Ever noticed how there is always someone who is not satisfied with the way things are progressing in the organization? These individuals are frequently found complaining about one thing or the other. Nothing is ever right according to them.

While it may affect their own performance, it is definitely going to impact everyone around these individuals. No one likes to work in a negative work environment.
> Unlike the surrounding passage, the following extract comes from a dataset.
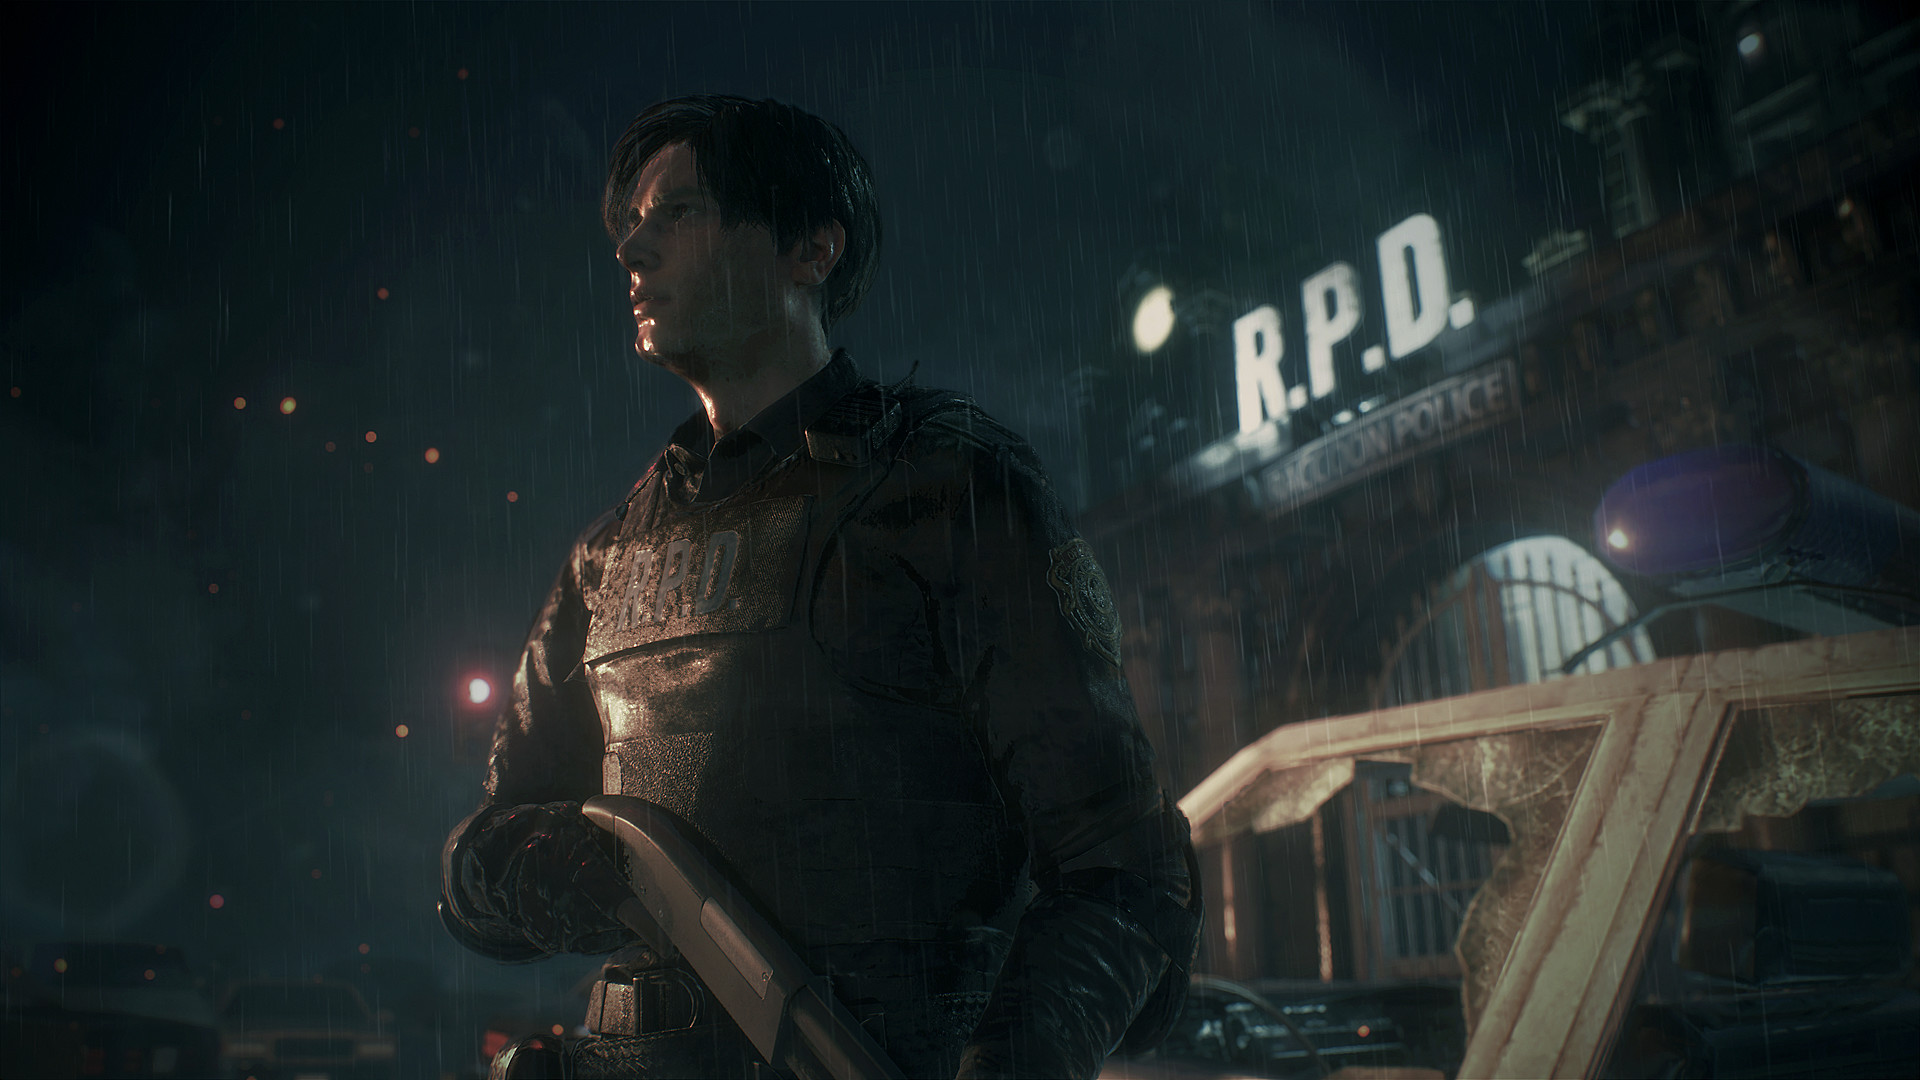 Save 75% on Resident Evil Revelations 2 on Steam

Tip: Speak with these people and try to find out the cause behind their dissension. If they are behaving in this way due to certain unresolved grievances, then those need to be addressed immediately.

Do not take initiative:

Some individuals never take any initiative even when their teams need it the most. They want to be spoon-fed at all times. They will however manage to fulfil their obligations by getting the bare minimum done most of the times. After a point of time, you do not expect much out of them anyways. These individuals are content sitting on the fence rather than being involved and getting their hands dirty whenever required.

Tip: Create a workplace where employees are rewarded and recognized for coming up with creative or innovative alternatives to common problems. Encourage employees to give their best and in return acknowledge their efforts publicly. While it motivates them, others also see it as an opportunity to prove their own mettle.
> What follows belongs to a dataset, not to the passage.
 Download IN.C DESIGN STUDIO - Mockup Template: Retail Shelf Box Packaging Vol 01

Productive and highly engaged employees also display a few traits that can easily distinguish them from the rest. Some of these are obvious and can be emulated by those seeking to get better at what they do.

Traits of a motivated employee:

Asks the right questions:

The first and foremost thing that these individuals do is ask all the right questions. They do not hesitate or stop themselves from asking questions for the fear of being ridiculed or appearing foolish.

To get the job done correctly, they need to make sure they know everything about it. Only when they have complete clarity about what is expected of them do they move on to the next step.

Sets goals and gets results:

Now that the expectations are clear, people can perform better as they have clear targets to achieve. These individuals usually set quantitative (also qualitative in some cases) goals for themselves and have a clear definition of success and failure.

Not one to fall prey to set-and-forget mentality, they frequently check in the progress of their initiatives. This way they can easily identify if they are on the right track and whether their targets can be achieved within the determined time. With such an effective approach, they are bound to consistently get results.

Seeks feedback:

Motivated individuals have a tendency of seeking feedback on a regular basis. On one hand, it helps them rectify their performance if needed and on the other hand their efforts can be commended by their managers/peers. It works both ways.

Always in a learning mode:

Some individuals consistently display a desire to learn, develop and grow their skill set. This behaviour, also known as the growth mindset, helps them to take on challenges that others would otherwise shy away from.

When you work closely with your team, it gets easier to spot traits that reveal who are the motivated ones and who are the unproductive ones. How do you spot either of these within your teams?